● WHAT THE TASK REQUIRES: Please repeat each line from the one holding "An emblem in" through the final line of the data, exactly as it stands, with no pictures.
--- SUPPLIED DATA ---
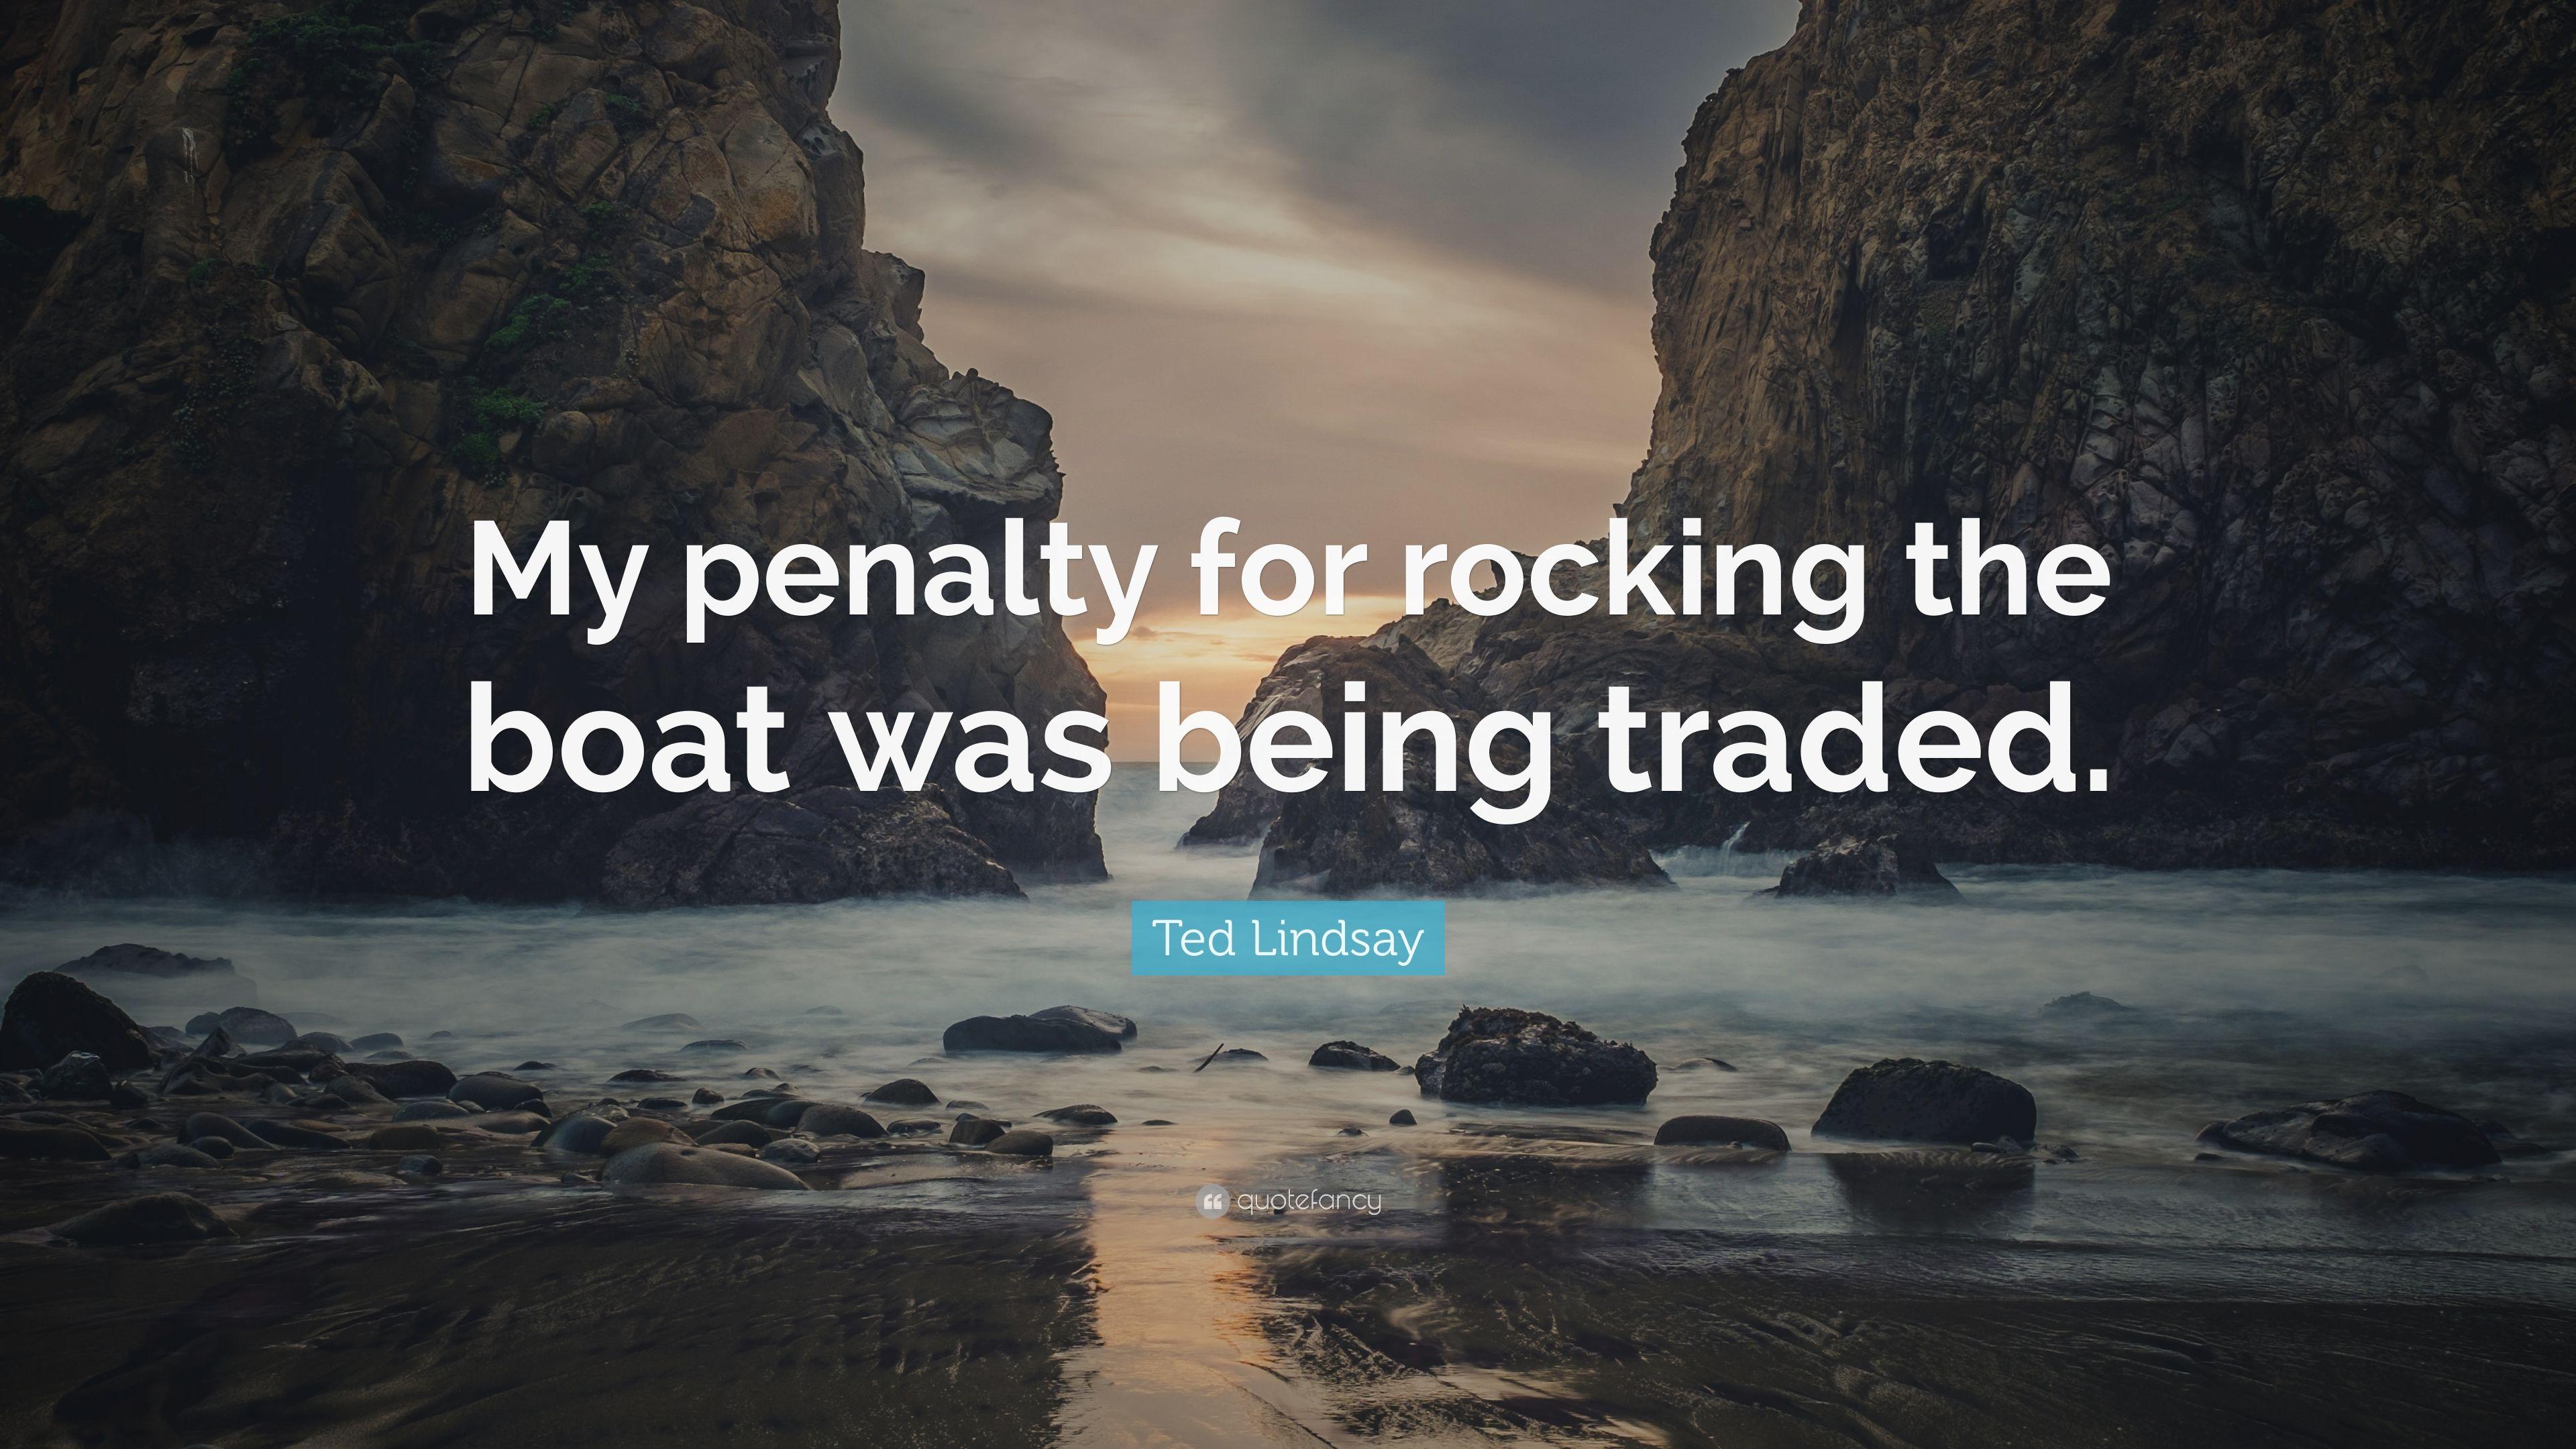 Ted Lindsay Quote: “My penalty for rocking the boat was being traded
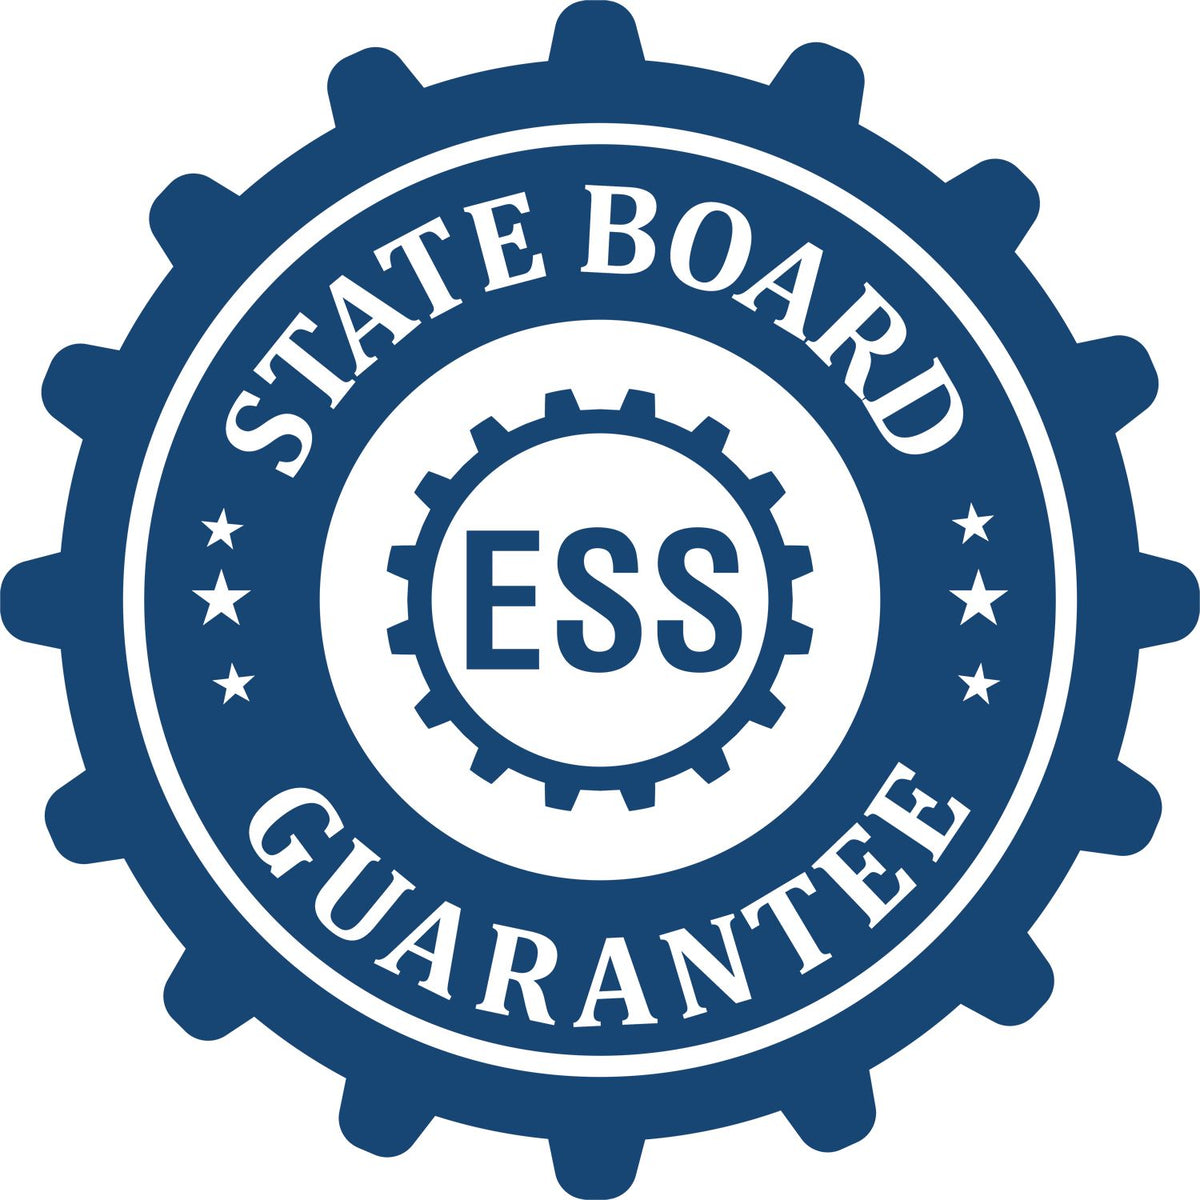 An emblem in a gear shape illustrating a state board guarantee for the Digital Vermont Landscape Architect Stamp product.
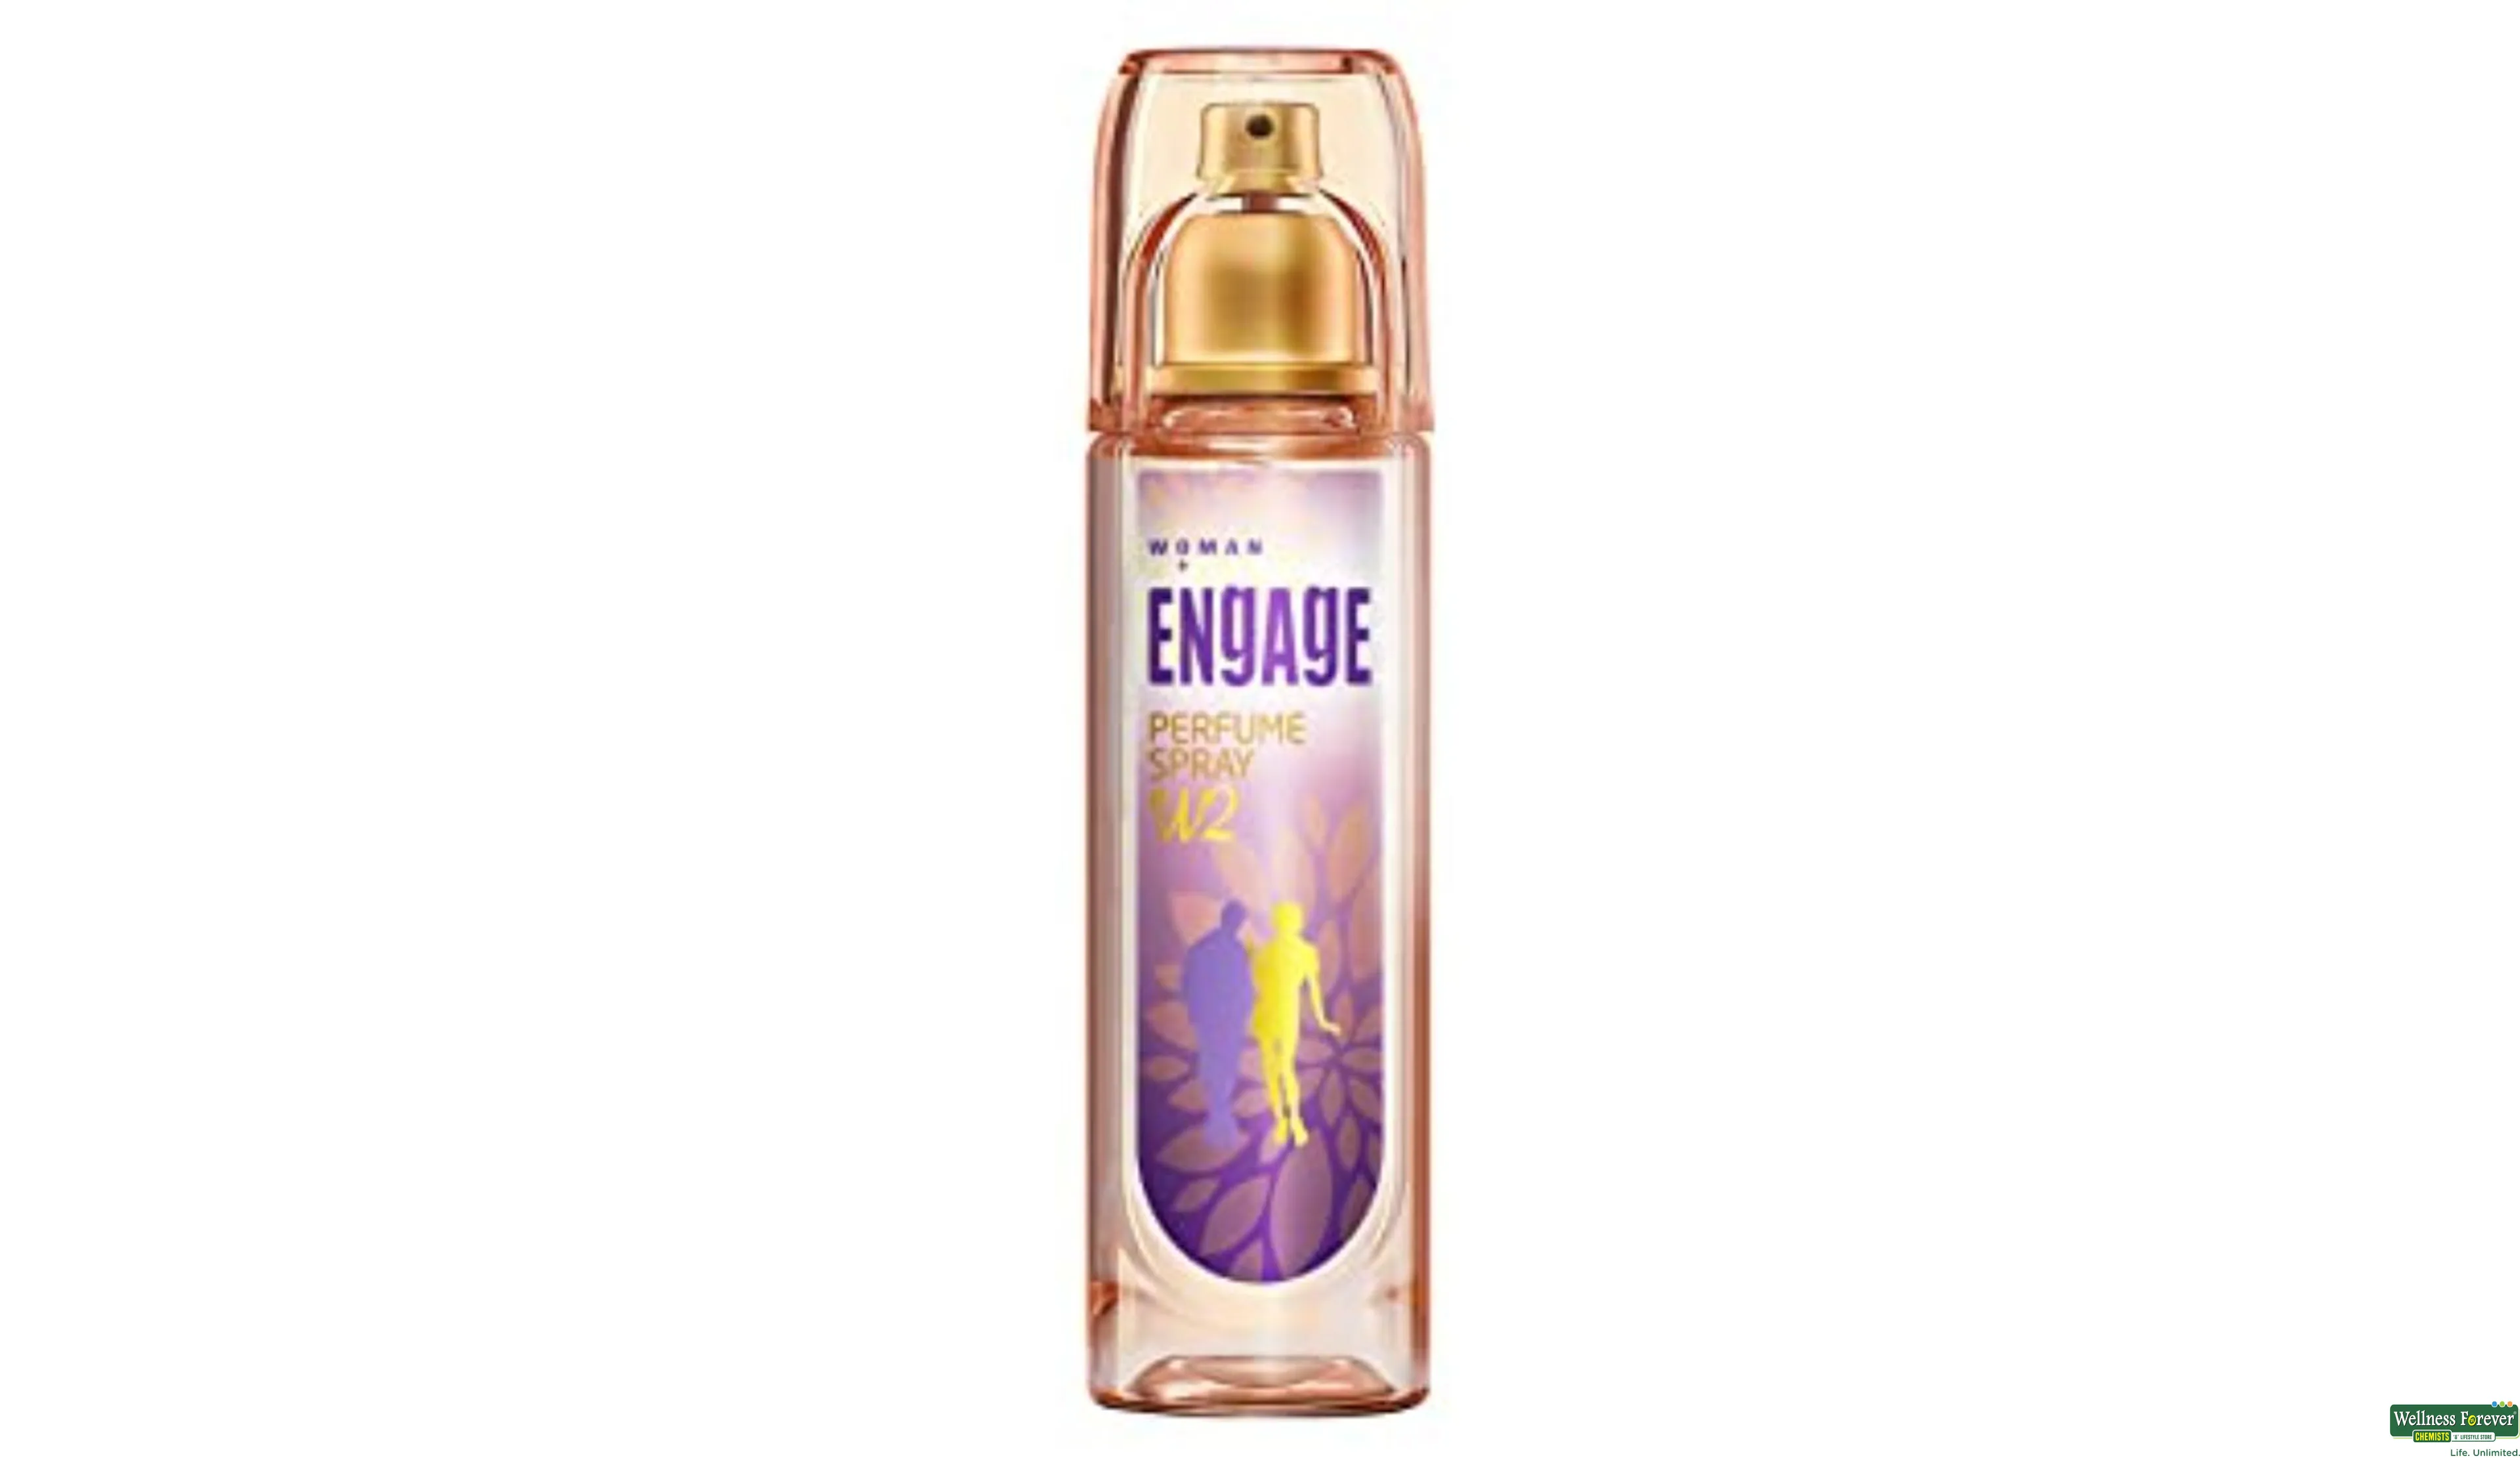 Deos & Perfumes: Buy Deos & Perfumes for Women & Men online at
---
● RESULT OF THE EXERCISE:
 An emblem in a gear shape illustrating a state board guarantee for the Digital Vermont Landscape Architect Stamp product.
 Deos & Perfumes: Buy Deos & Perfumes for Women & Men online at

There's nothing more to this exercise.